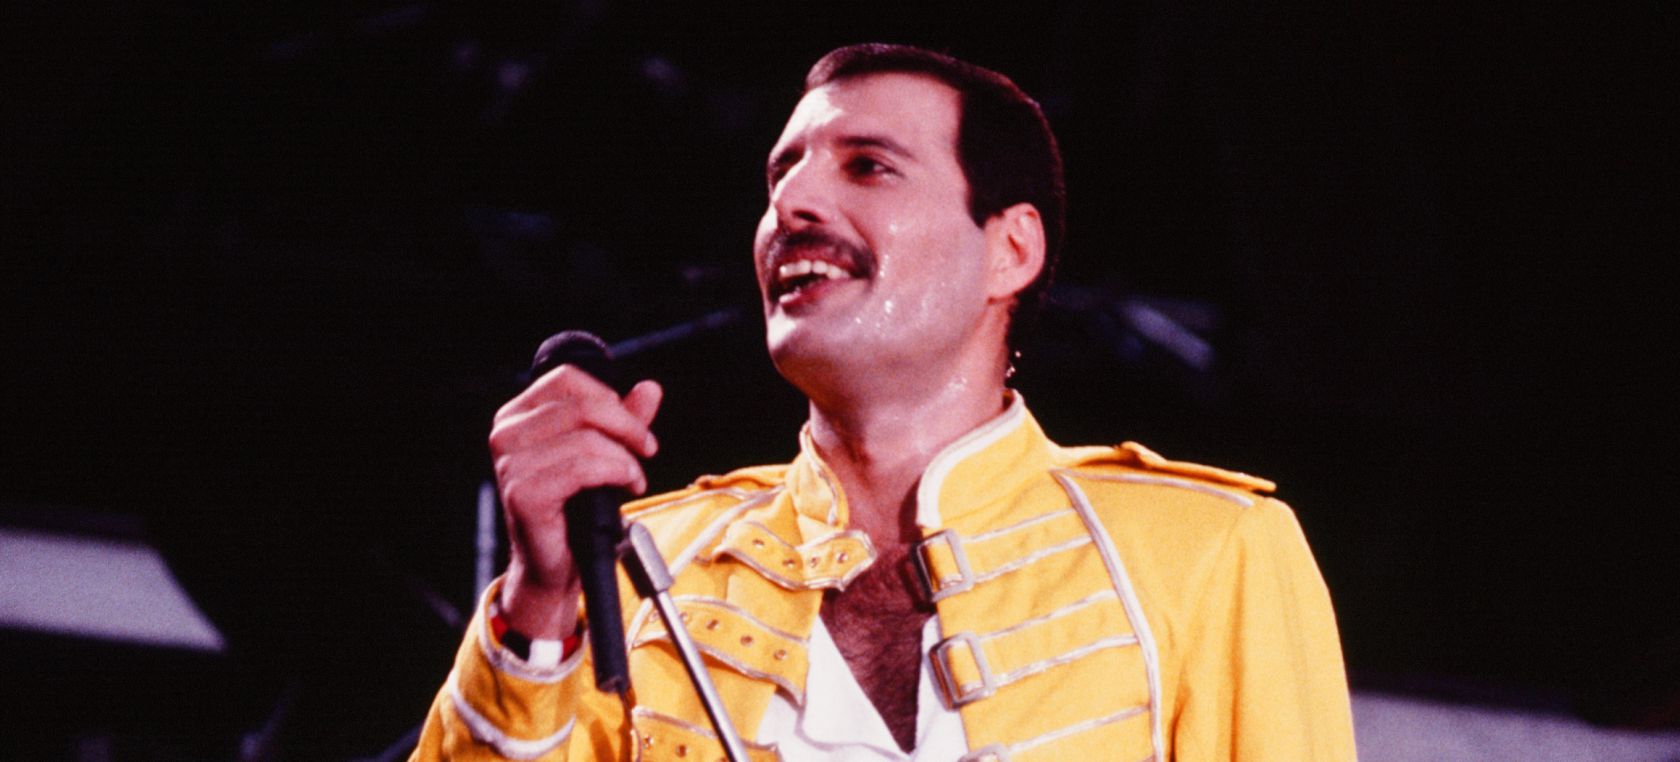 El último concierto de Freddie Mercury con Queen: “¡Mi cuerpo entero está destrozado de dolor!”
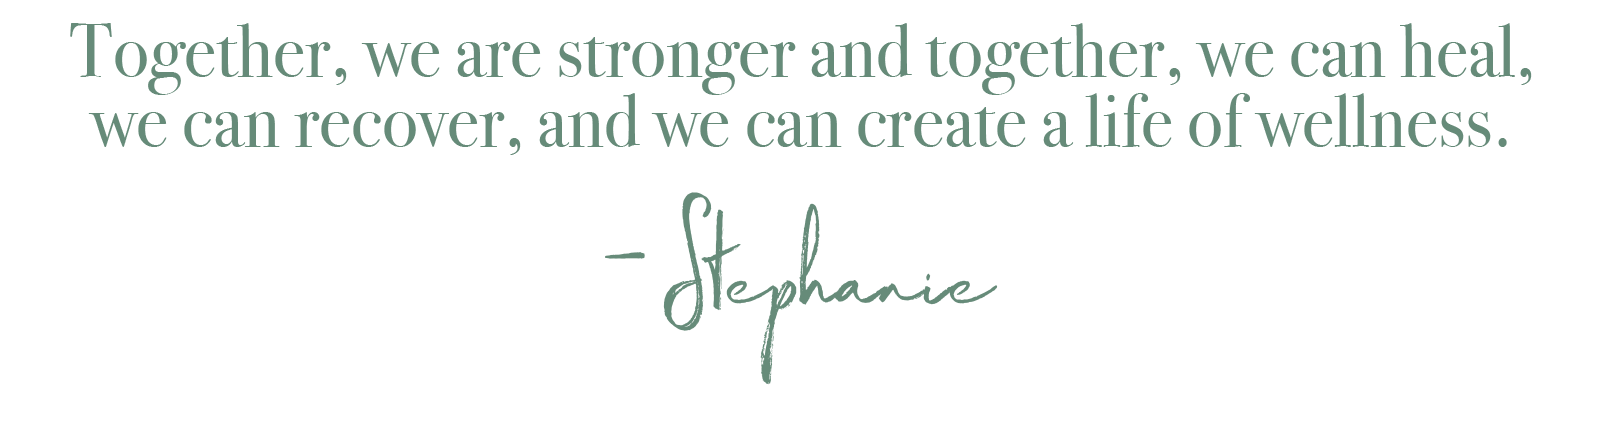 Together Stronger
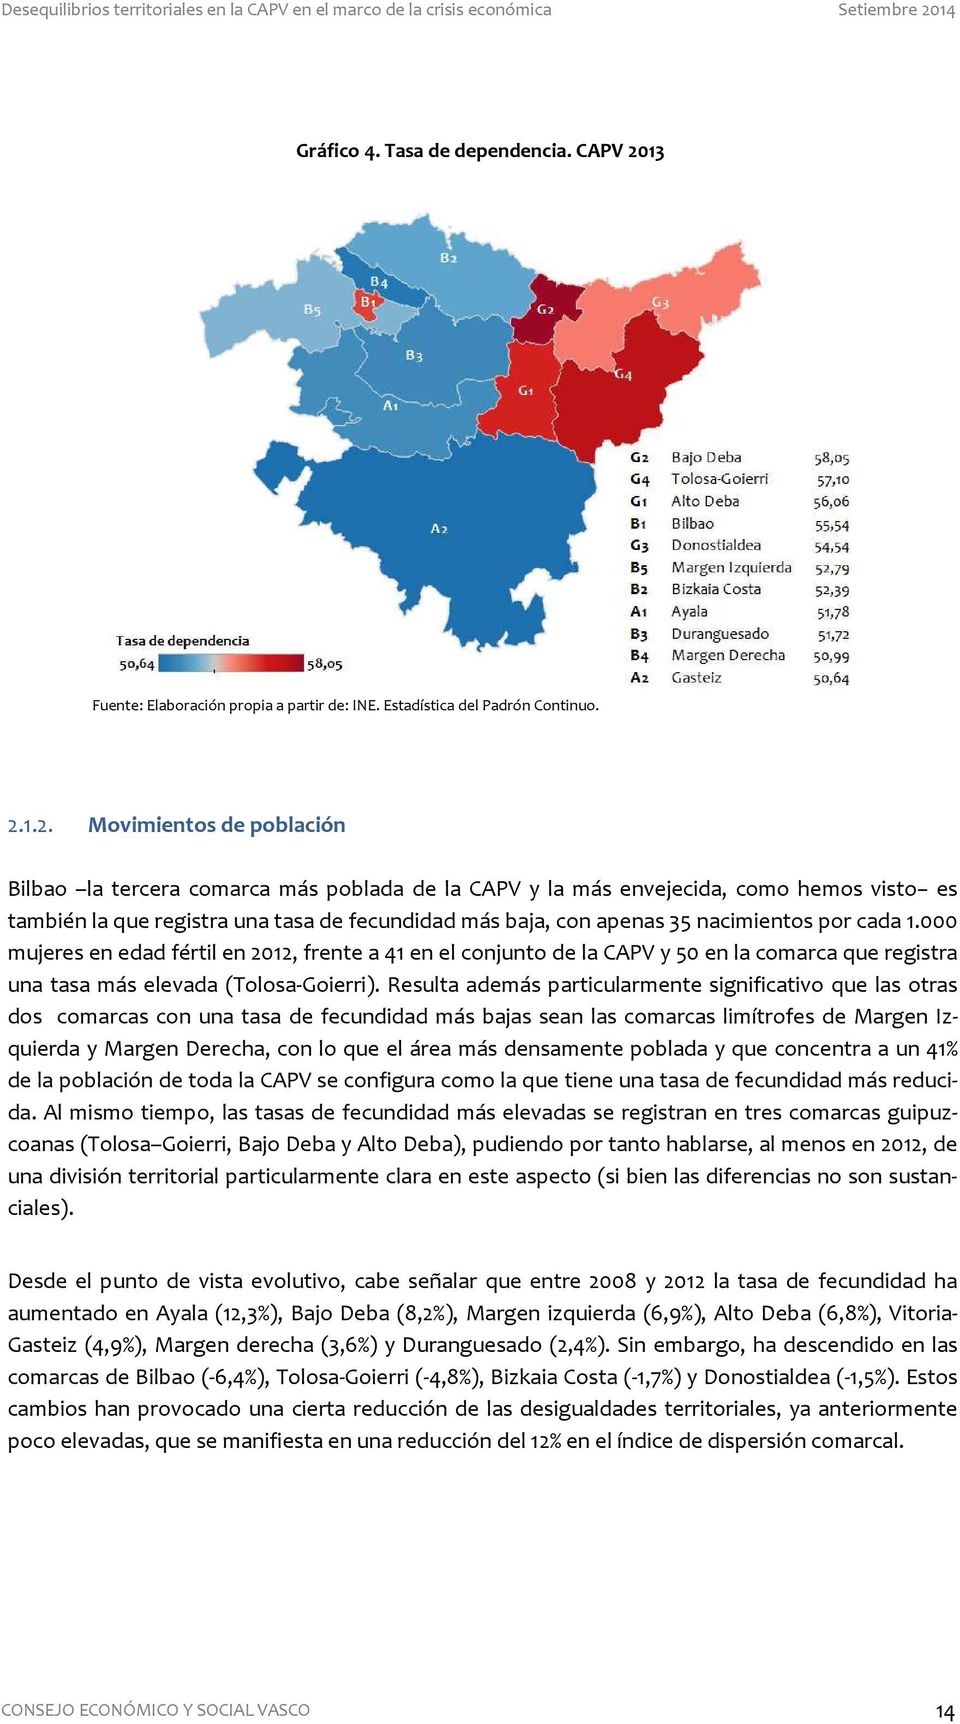 1.2. Movimientos de población Bilbao la tercera comarca más poblada de la CAPV y la más envejecida, como hemos visto es también la que registra una tasa de fecundidad más baja, con apenas 35
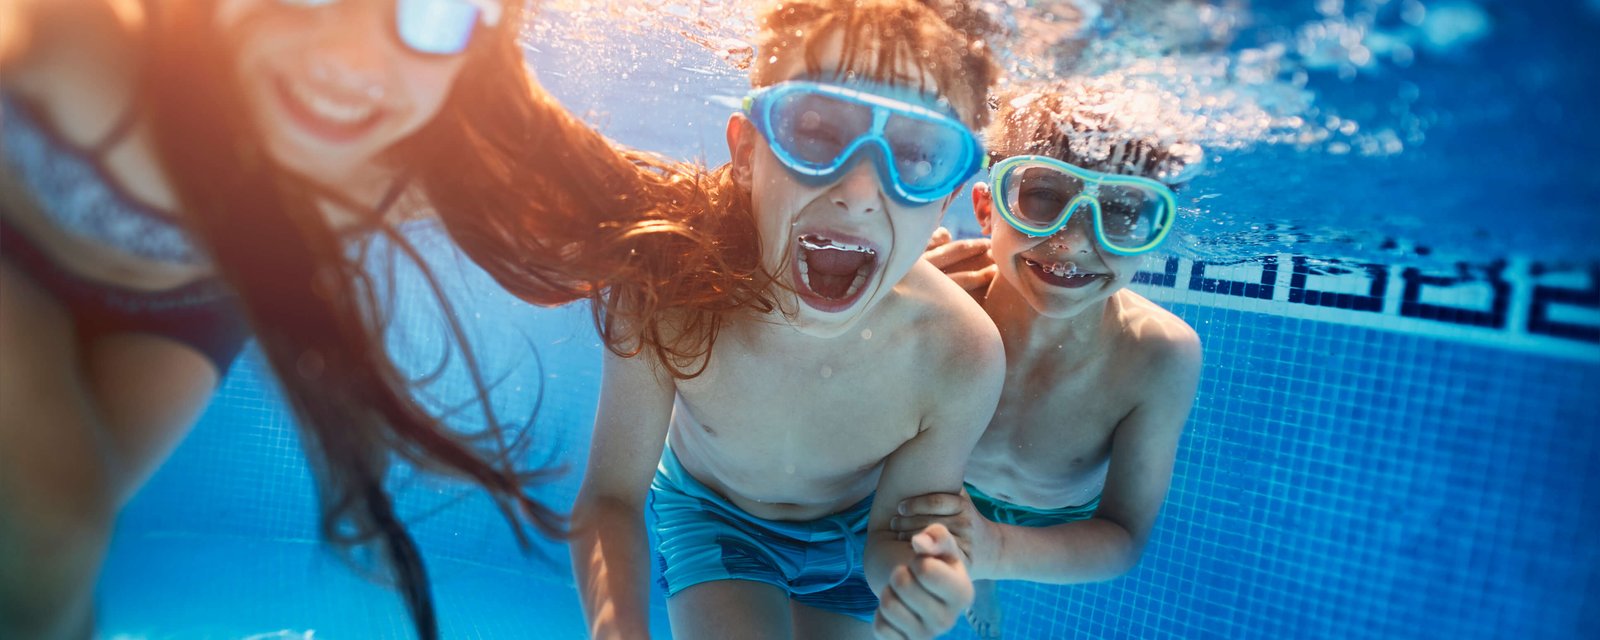 Kinder im Schwimmbad beim tauchen mit Taucherbrille haben Spaß.

......

Assignment: All that belongs in the answer is the exact run of lines from the line containing "1.2. Movimientos de" to the end of the listing above, pictures removed.

Solution to this exercise:
 1.2. Movimientos de población Bilbao la tercera comarca más poblada de la CAPV y la más envejecida, como hemos visto es también la que registra una tasa de fecundidad más baja, con apenas 35
 Kinder im Schwimmbad beim tauchen mit Taucherbrille haben Spaß.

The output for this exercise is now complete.